[[ THE DATA, beginning ]]
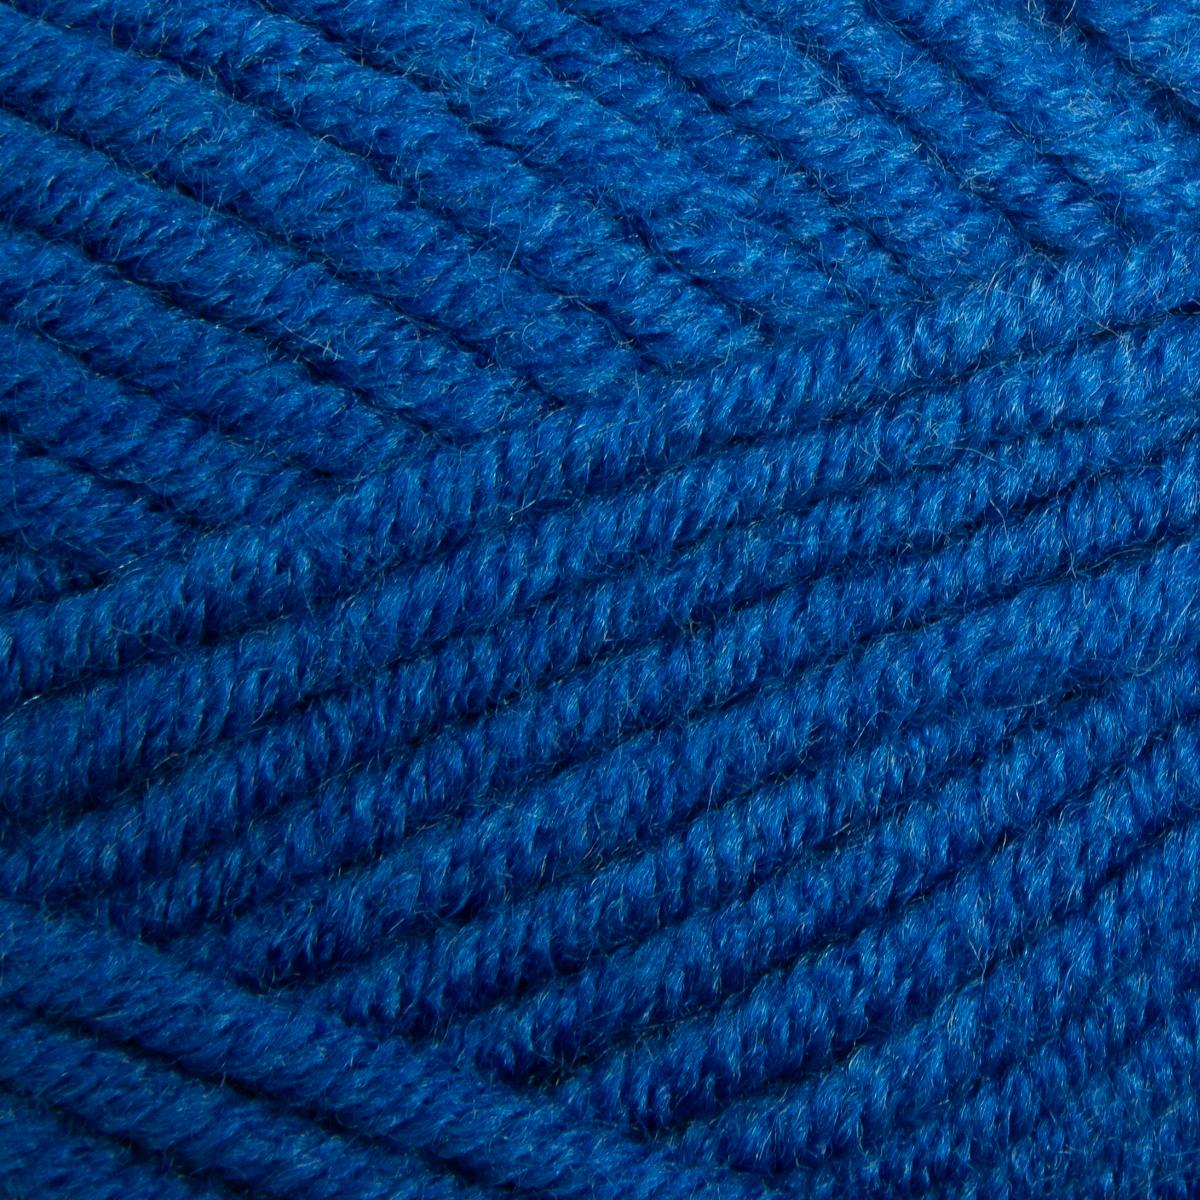 3pk-Lion-Brand-Woolspun-Acrylic-amp-Wool-Yarn-Bulky-5-Knit-Crocheting-Skeins-Soft thumbnail 91
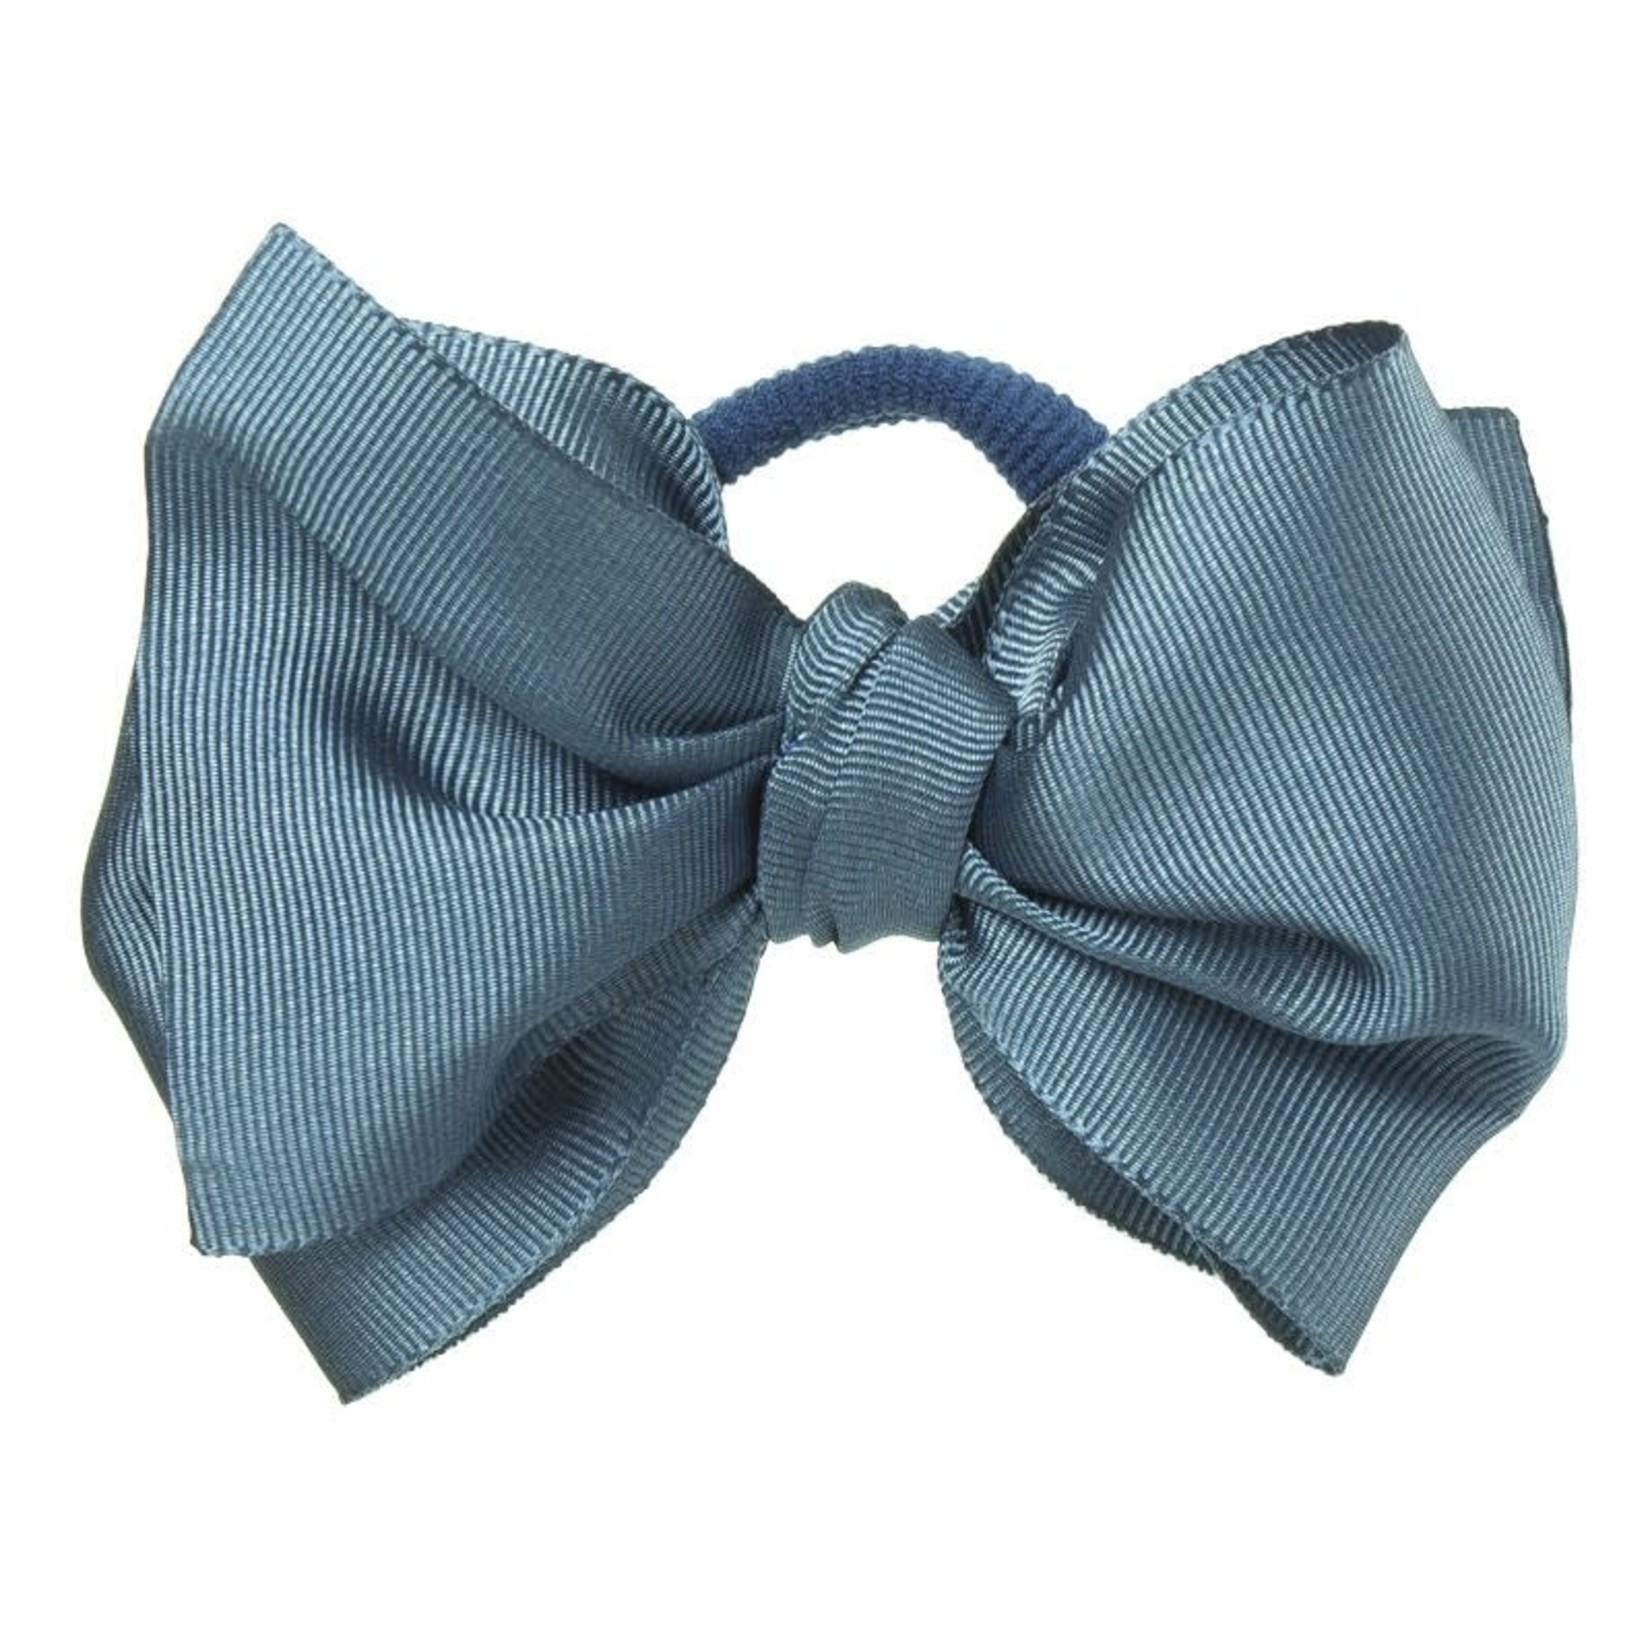 Siena Hair Bow - Blue Gray
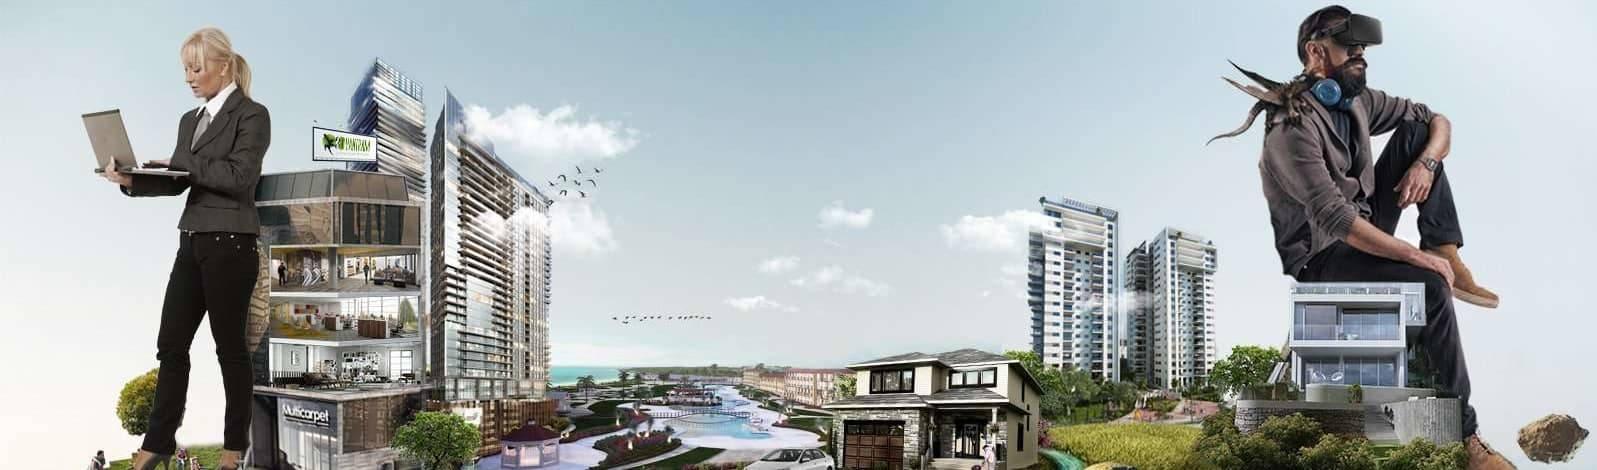 Yantram Architectural Animation Design Studio Corporation
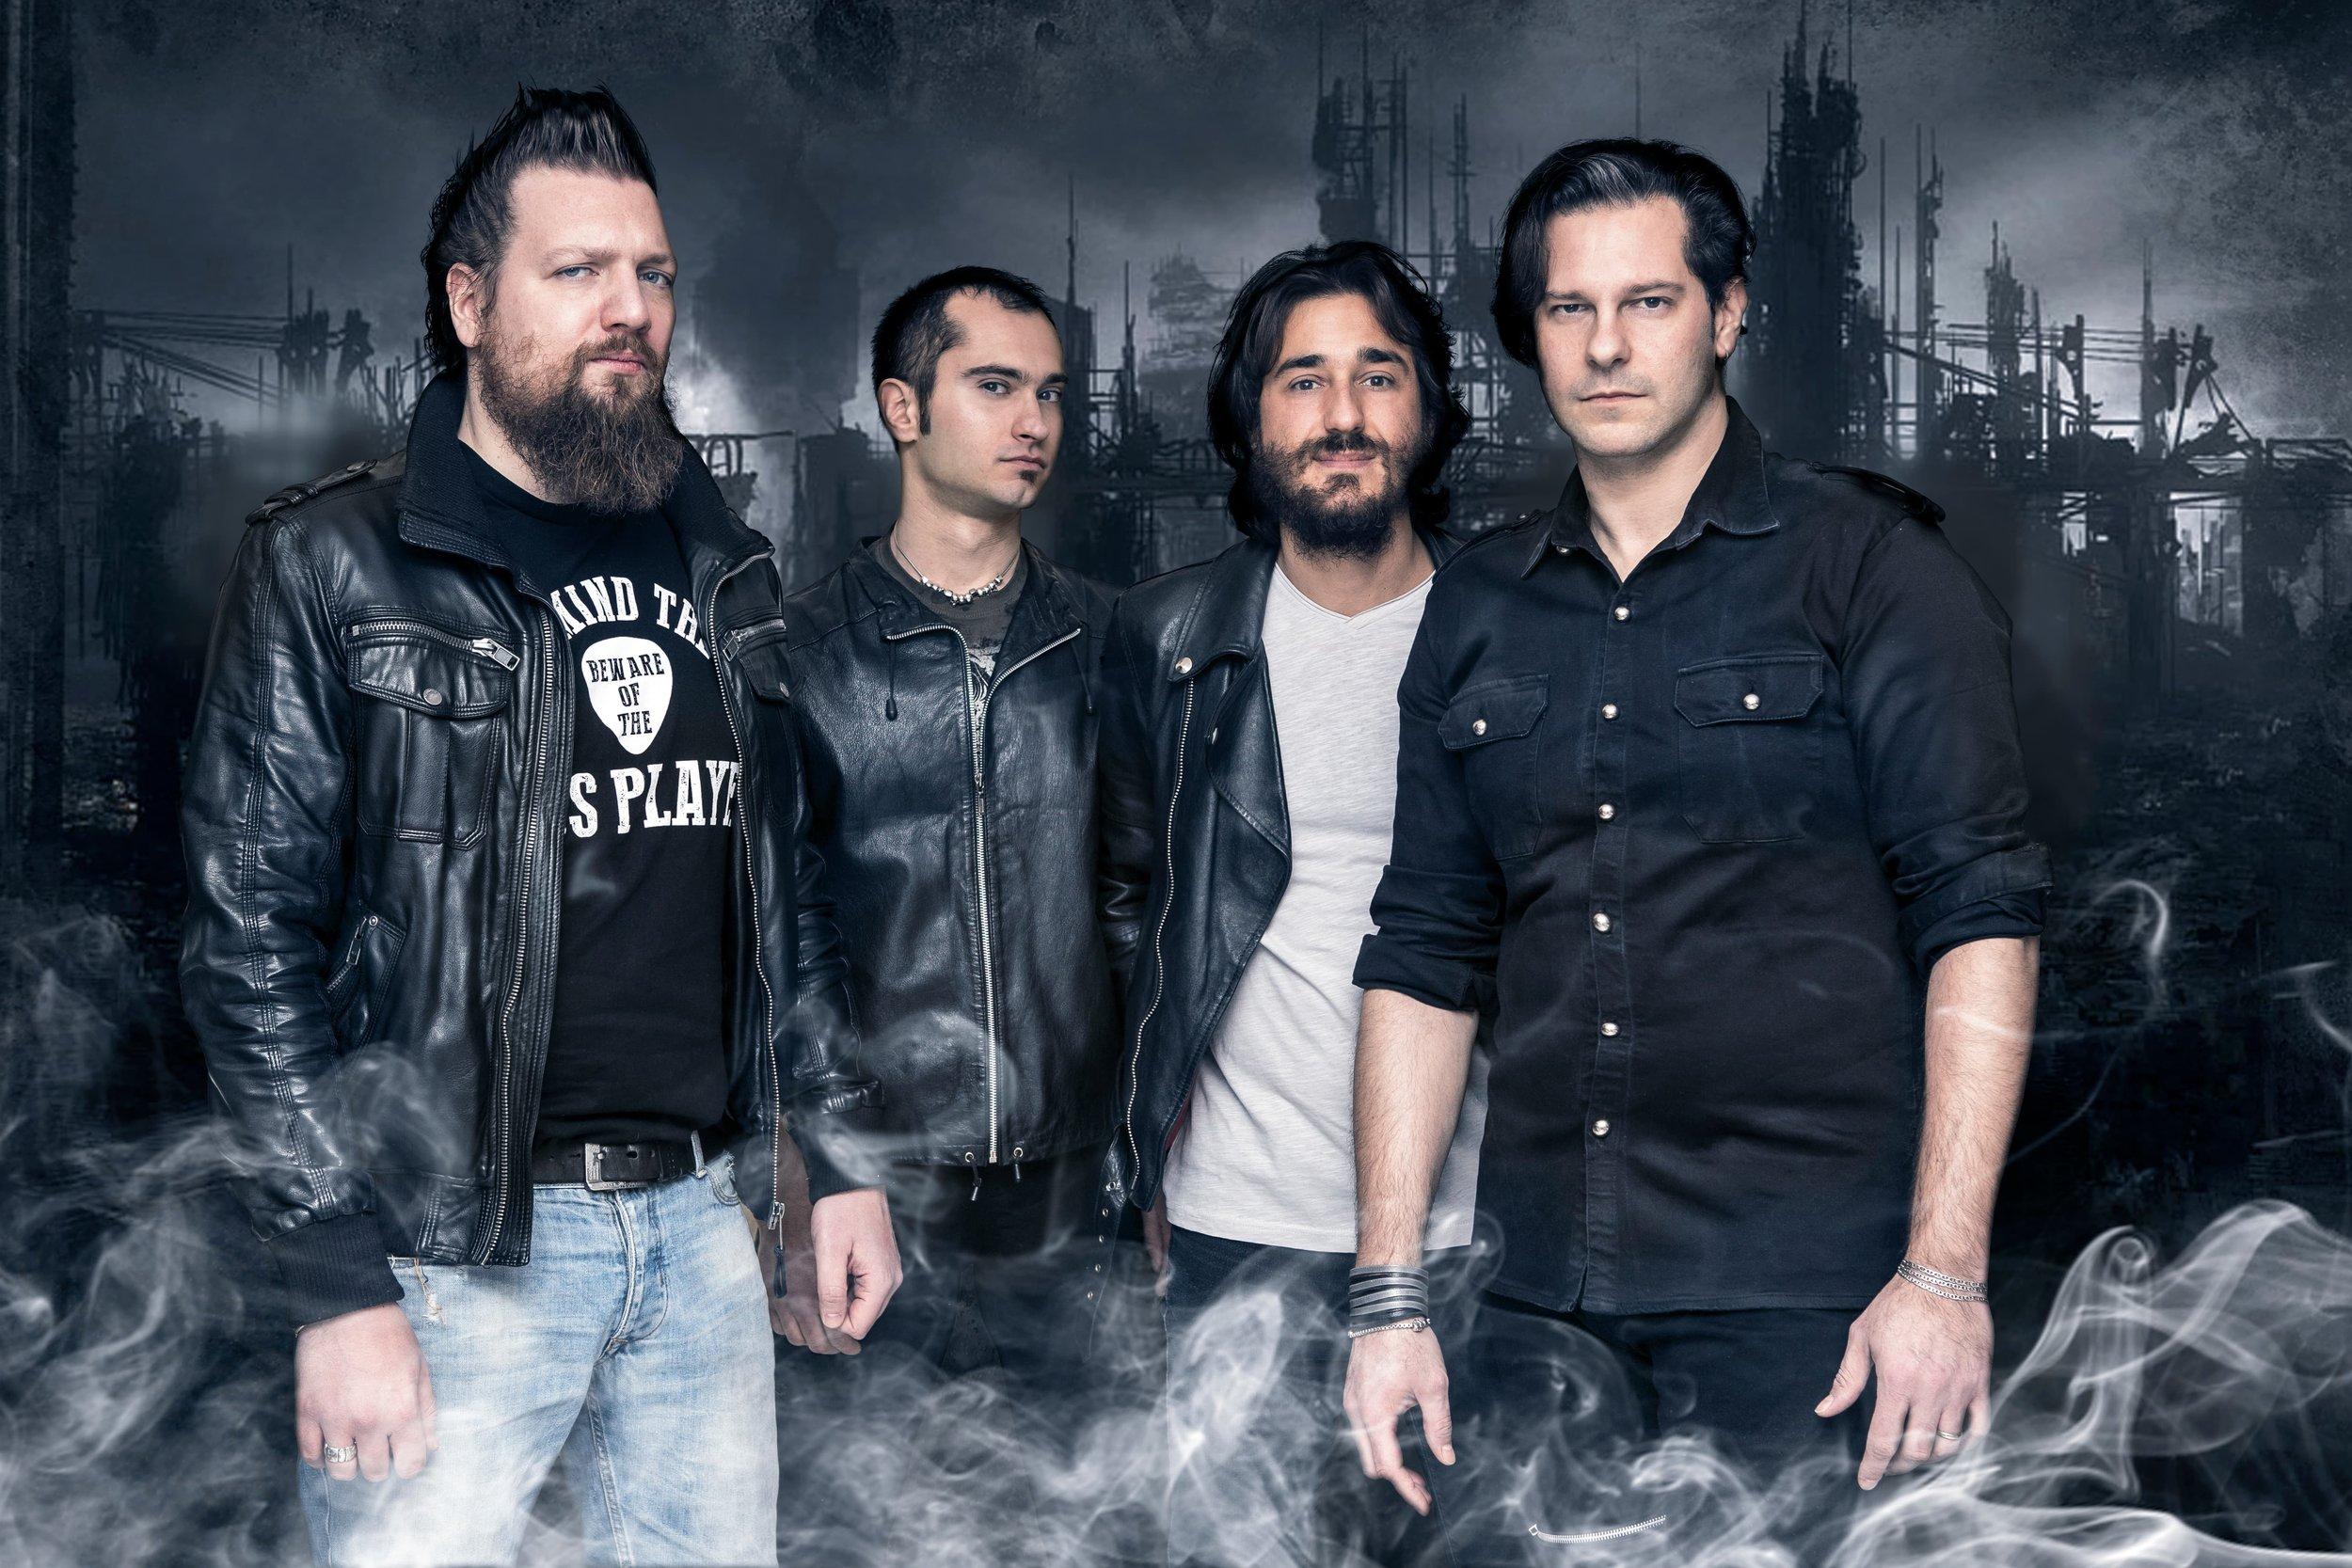 artwork compositing per heavy metal band
[[ THE DATA, end ]]
__TASK REQUIREMENTS__: Exact repetition of the material above is required, with the images removed.

__TASK RESULT__:
 3pk-Lion-Brand-Woolspun-Acrylic-amp-Wool-Yarn-Bulky-5-Knit-Crocheting-Skeins-Soft thumbnail 91
 Siena Hair Bow - Blue Gray
 Yantram Architectural Animation Design Studio Corporation
 artwork compositing per heavy metal band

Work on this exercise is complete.